Pembukaan Rapat Kerja Nasional (Rakornas) PKS di Clarion Hotel Makassar, Kamis (16/2/2012), dibuka dengan Barongsai, tarian khas Tionghoa. Panitia berkilah, tarian khas Tionghoa ini ditampilkan sebagai pengejawantahan slogan “Bekerja dalam Kebhinnekaan” yang menjadi tema Rakornas PKS.

“Sesuai tema Rakornas, Bekerja dalam Kebhinnekaan untuk Kejayaan Bangsa, Kami menampilkan sejumlah atraksi kesenian daerah baik saat pembukaan maupun penutupan nanti,” ujar Ketua Panitia Rakornas PKS, Akmal Pasluddin sebagaimana dikutip Website resmi DPP PKS, Jum’at (17/2/2012).

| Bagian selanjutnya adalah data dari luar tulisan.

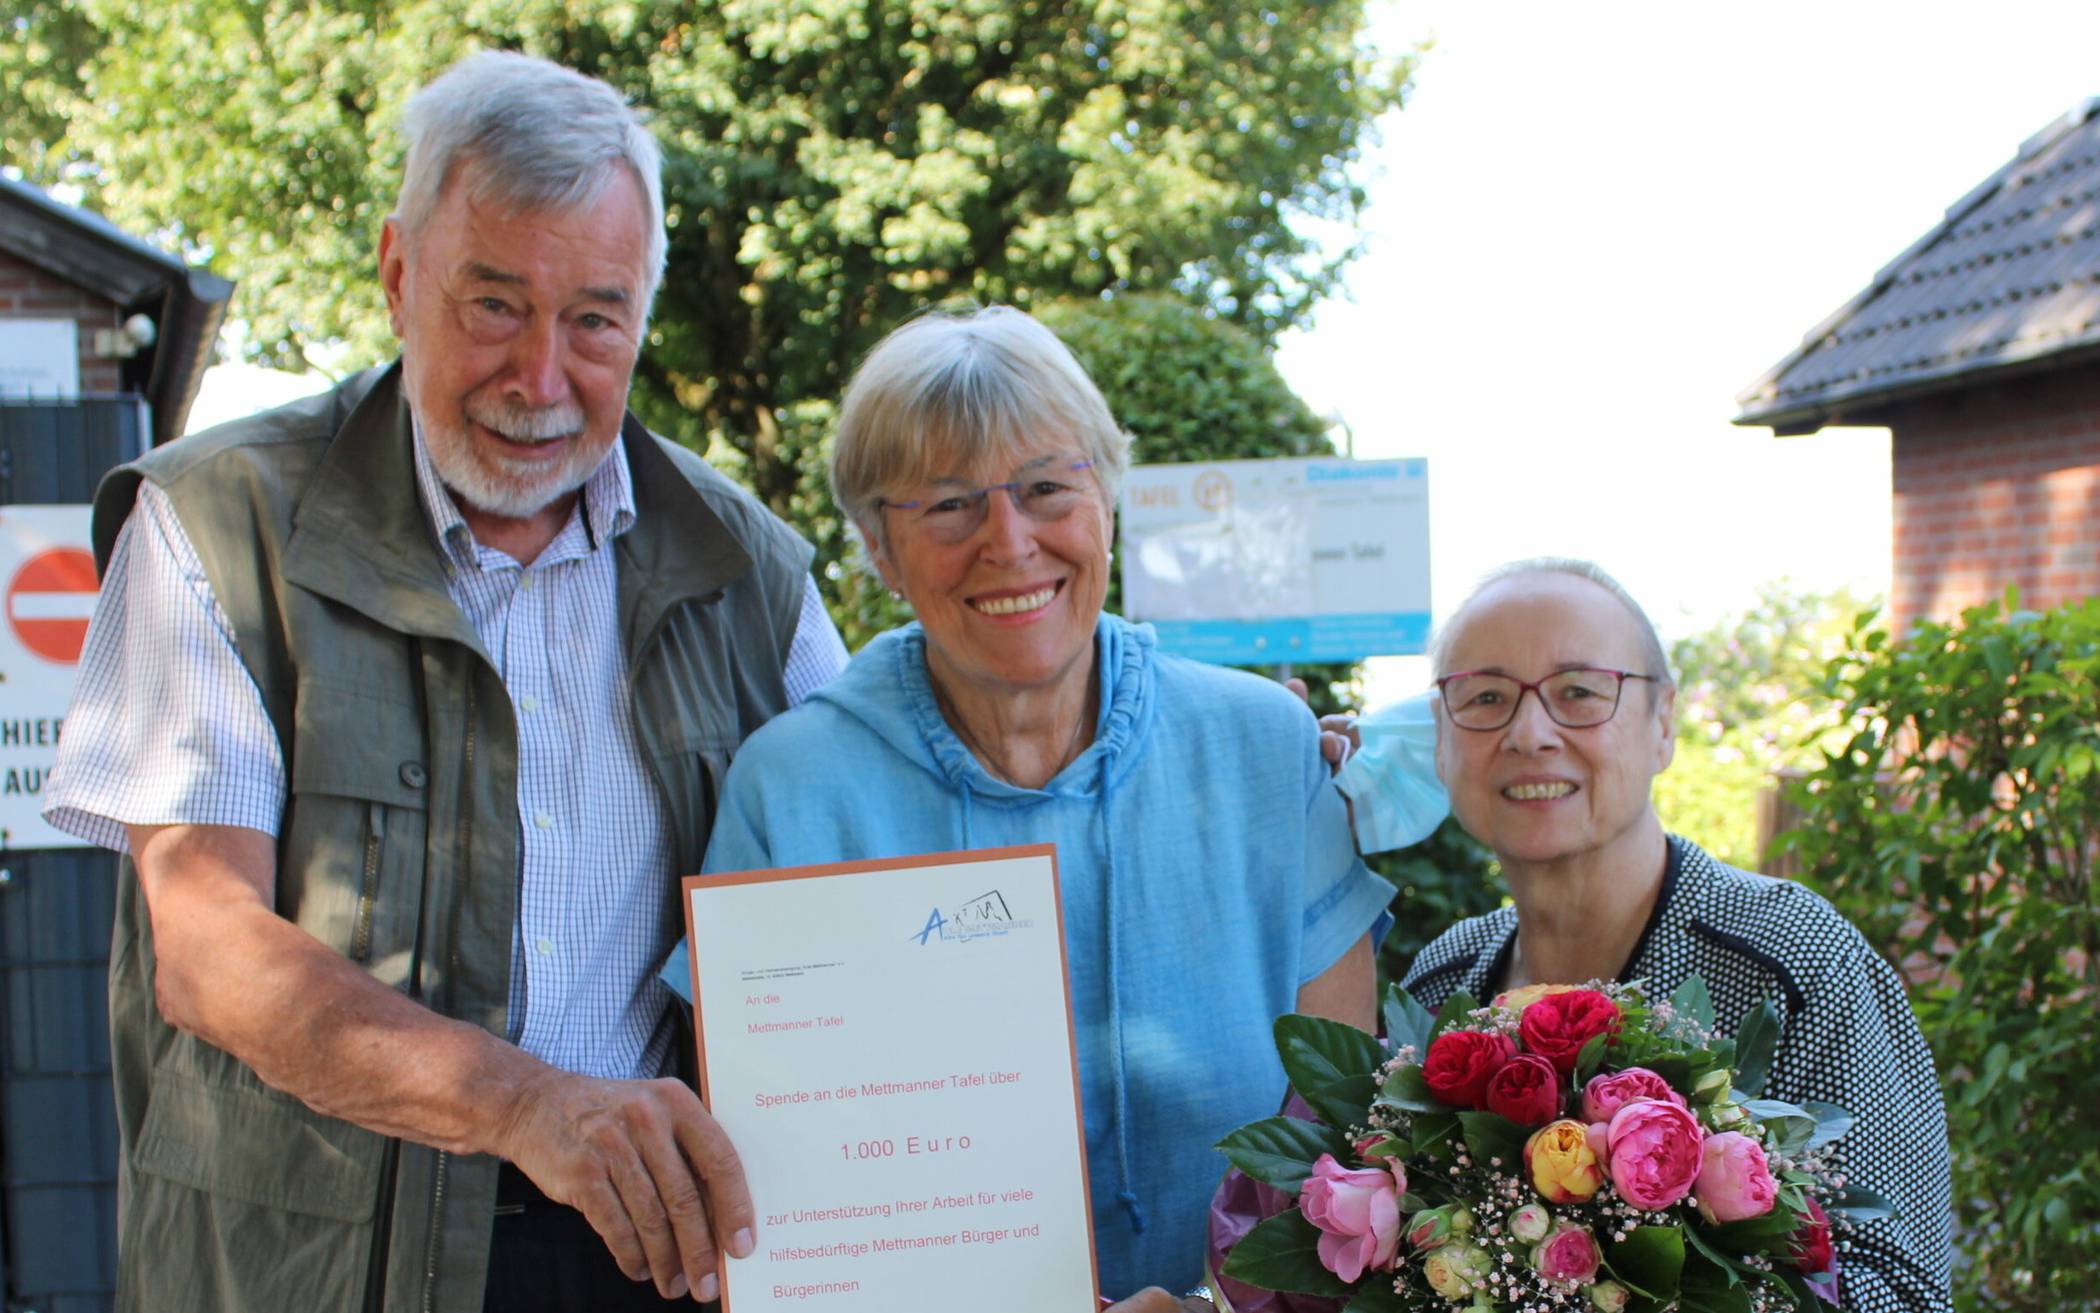  Hans Werner Lange und Anita Schäfer von den Aulen Mettmannern brachten Gisela Fleter (rechts) von der Tafel ein Blumenstrauß und einen Scheck über 1000 Euro mit.

Lebih lanjut Akmal mengatakan, Kebhinnekaan menjadi inspirasi bagi bangsa ini termasuk kader-kader PKS untuk terus bekerja untuk kejayaan bangsa. Keanekaragaman seni, budaya, dan sosial bangsa ini menjadi dinamisator bagi setiap komponen bangsa untuk terus berkarya. (baca: Barongsai dan Padupa Awali Pembukaan Rakornas PKS).

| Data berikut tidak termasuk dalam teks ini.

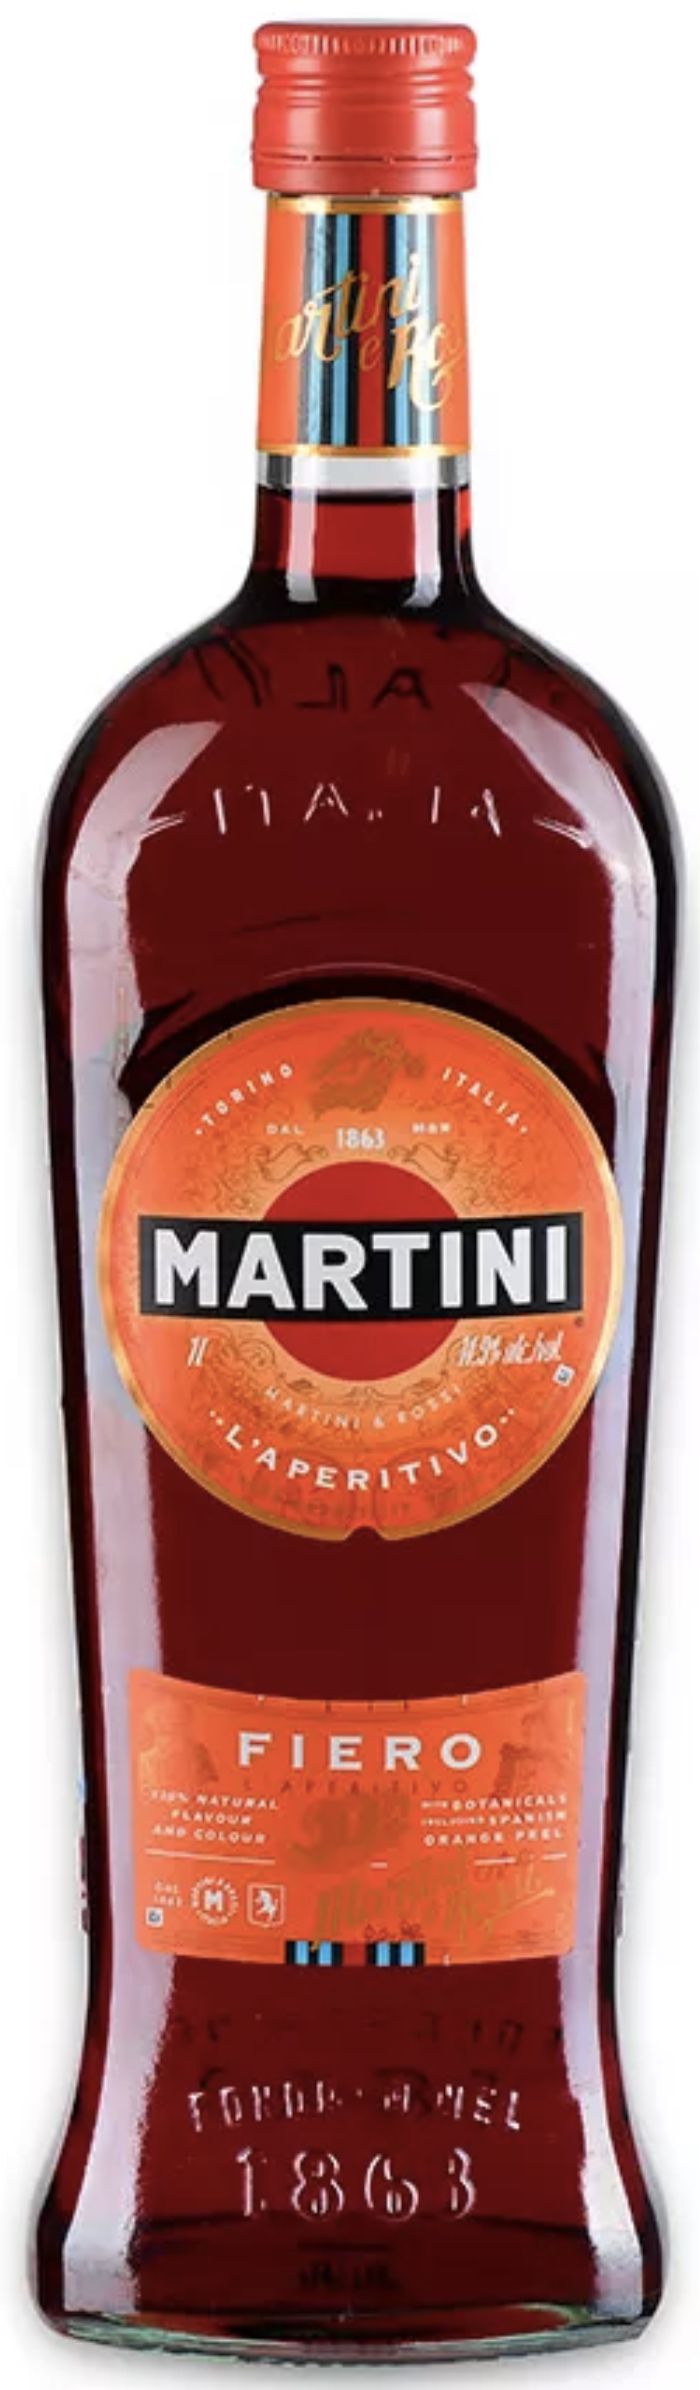 Ароматизированный виноградный напиток сладкий  Мартини Фиеро креп 14.9%, емк 1.0л.

Hadir dalam Pembukaan Rakornas tersebut, Presiden PKS, Lutfhi Hasan Ishaaq, Wakil Ketua DPR RI yang juga Sekjen PKS, M Anis Matta, Gubernur Sulawesi Selatan, Syahrul Yasin Limpo, dan Walikota Makassar, Ilham Sirajuddin serta Ketua DPW PKS Sulawesi Selatan, Akmal Pasluddin dan anggota DPD RI, Azis Kahar Muzakar.

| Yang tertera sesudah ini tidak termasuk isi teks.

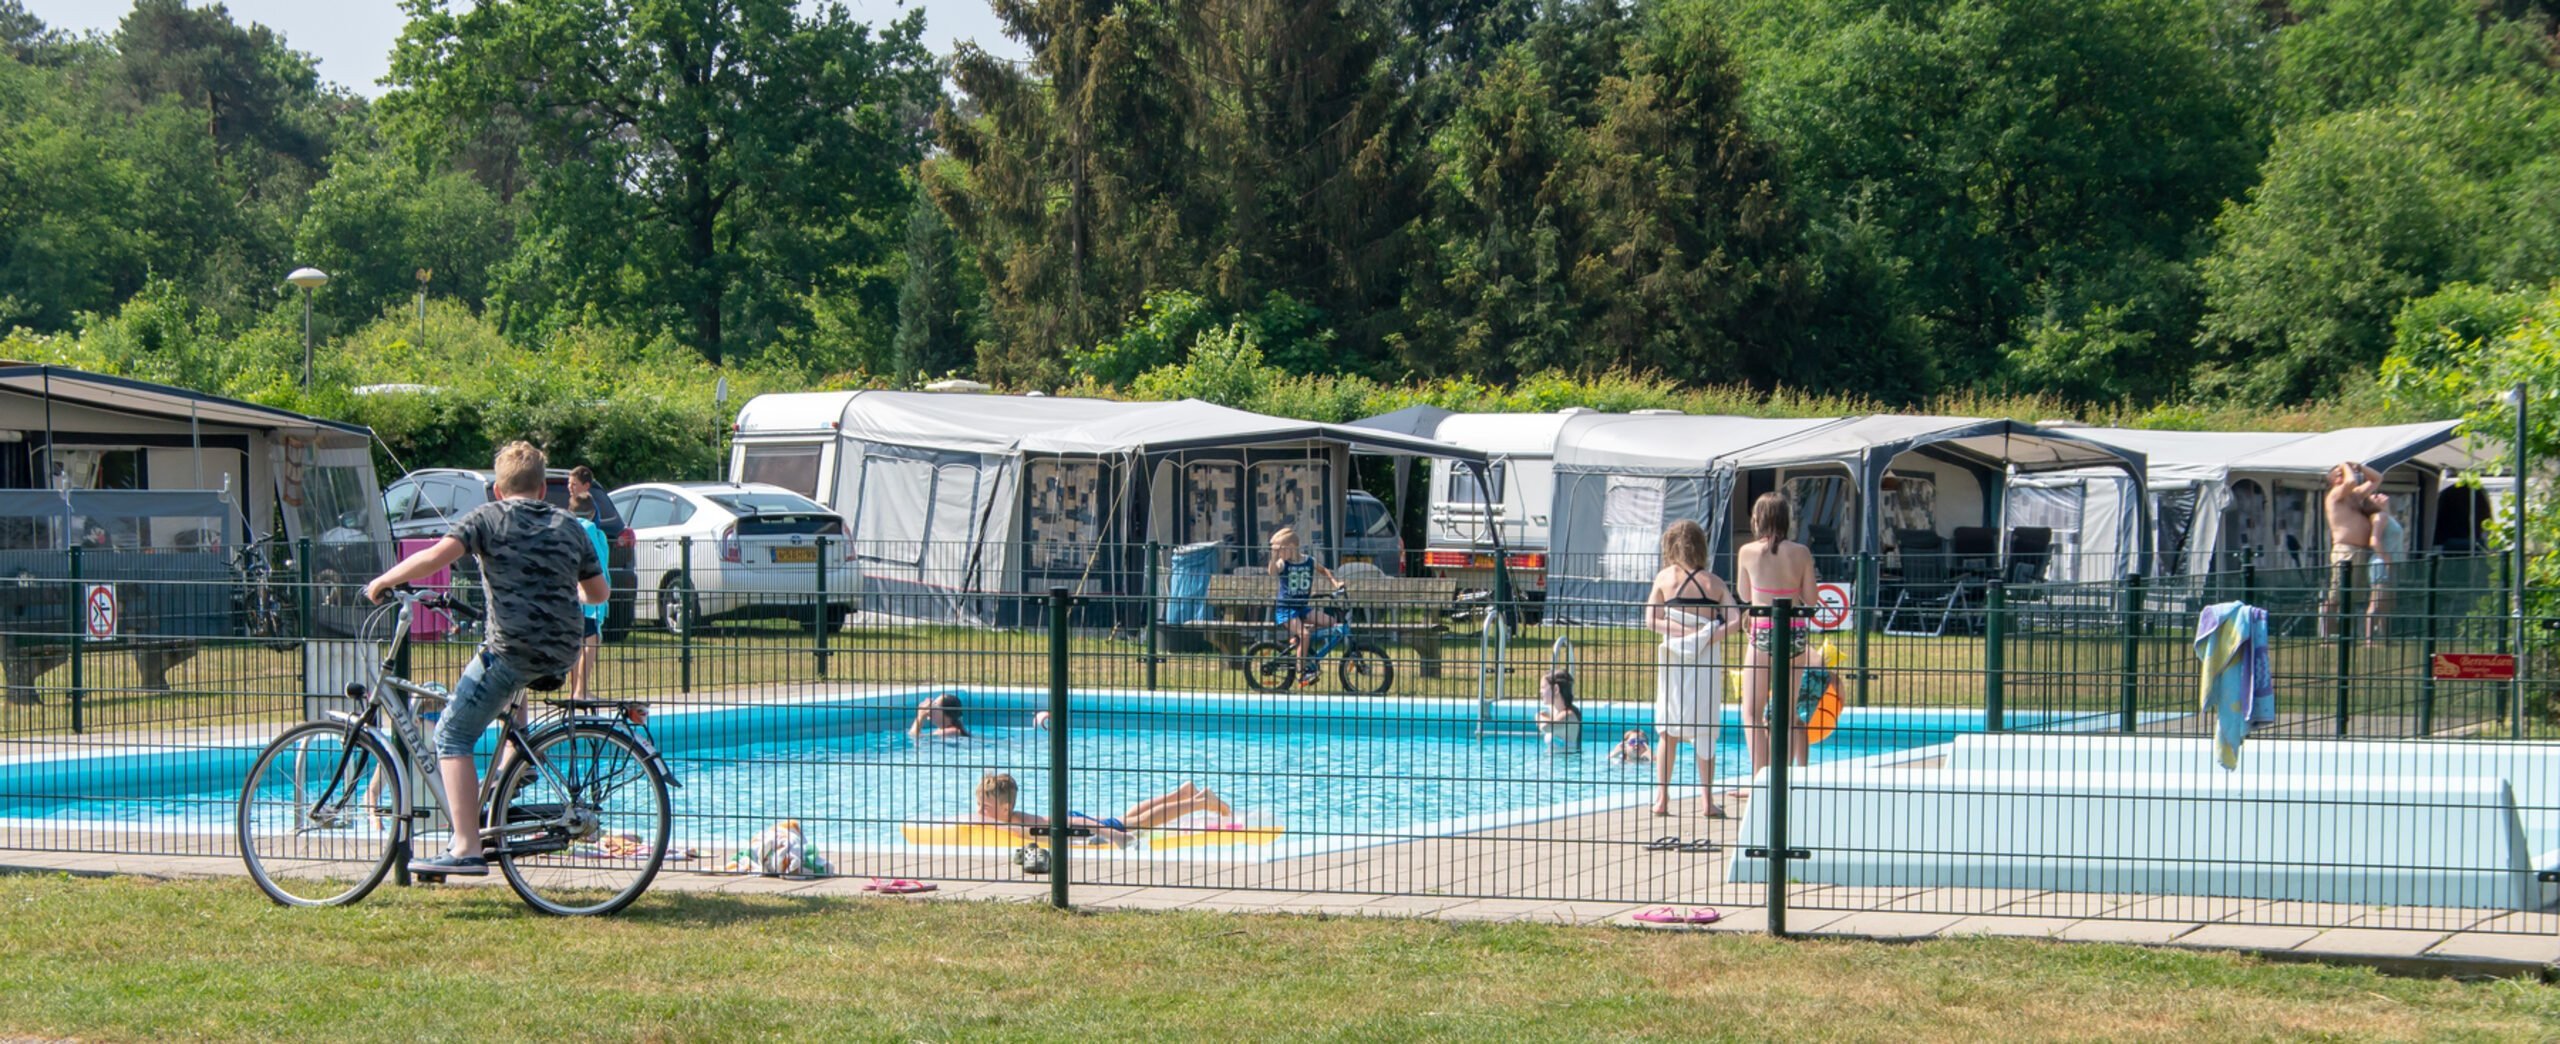 Vakantie in Gelderland camping met zwembad

Selain itu, Rakornas juga dihadiri oleh 750 orang kader dan fungsionaris PKS dari Wilayah Dakwah Sulawesi dan Indonesia Timur. Hadir juga fungsionaris DPP PKS, sejumlah Anggota DPR RI dari Fraksi PKS, DPRD Provinsi maupun Kota/Kabupaten se-Sulawesi, Maluku, Maluku Utara, Papua Barat, dan Papua.

Barongsai Tak Sekedar Hiburan

Barongsai bukan sekadar seni hiburan, tapi memiliki makna spiritual bagi masyarakat Tionghoa. Liong (naga) dan Barongsai adalah tradisi wajib pada perayaan Imlek. Dalam kepercayaan warga Tionghoa, Liong dan Barongsai merupakan lambang kebahagiaan dan kesenangan. Pertunjukan tarian singa dan naga ini dipercaya bisa membawa keberuntungan (hoki).

Tari Barongsai dikenal dengan gerakannya yang energik, ekspresif, menegangkan sekaligus menakjubkan. Tarian ini merupakan perpaduan keserasian dan dinamisasi gerak para penarinya yang atraktif dengan iringan musik tambur, gong, dan simbal.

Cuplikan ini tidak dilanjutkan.